_ASSIGNMENT_: The answer is every line in the data below that contains the word "città".

Data records
=== Section Start ===
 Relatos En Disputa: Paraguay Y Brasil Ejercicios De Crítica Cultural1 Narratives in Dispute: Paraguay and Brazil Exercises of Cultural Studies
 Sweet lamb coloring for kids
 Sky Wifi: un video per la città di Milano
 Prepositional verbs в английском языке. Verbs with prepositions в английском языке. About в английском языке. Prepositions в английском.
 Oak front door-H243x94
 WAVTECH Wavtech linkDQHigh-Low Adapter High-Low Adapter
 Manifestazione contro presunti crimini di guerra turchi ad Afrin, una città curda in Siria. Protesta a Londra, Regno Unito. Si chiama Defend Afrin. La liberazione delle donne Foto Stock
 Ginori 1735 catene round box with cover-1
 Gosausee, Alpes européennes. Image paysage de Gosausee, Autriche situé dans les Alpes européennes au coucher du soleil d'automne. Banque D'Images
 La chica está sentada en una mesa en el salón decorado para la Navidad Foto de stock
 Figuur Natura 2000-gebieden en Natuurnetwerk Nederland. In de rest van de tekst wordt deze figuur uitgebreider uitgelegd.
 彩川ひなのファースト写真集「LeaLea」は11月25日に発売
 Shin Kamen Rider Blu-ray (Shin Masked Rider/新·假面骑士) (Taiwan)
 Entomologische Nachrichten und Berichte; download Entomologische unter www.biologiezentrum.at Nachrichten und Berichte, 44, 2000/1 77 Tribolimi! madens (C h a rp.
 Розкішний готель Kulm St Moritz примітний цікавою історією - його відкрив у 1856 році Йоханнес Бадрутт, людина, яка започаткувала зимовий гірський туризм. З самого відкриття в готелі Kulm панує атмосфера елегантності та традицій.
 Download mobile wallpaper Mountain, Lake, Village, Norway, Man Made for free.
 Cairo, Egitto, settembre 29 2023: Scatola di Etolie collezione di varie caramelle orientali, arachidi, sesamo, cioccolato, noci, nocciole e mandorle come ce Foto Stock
=== Section End ===
_FINISHED TASK_:
 Sky Wifi: un video per la città di Milano
 Manifestazione contro presunti crimini di guerra turchi ad Afrin, una città curda in Siria. Protesta a Londra, Regno Unito. Si chiama Defend Afrin. La liberazione delle donne Foto Stock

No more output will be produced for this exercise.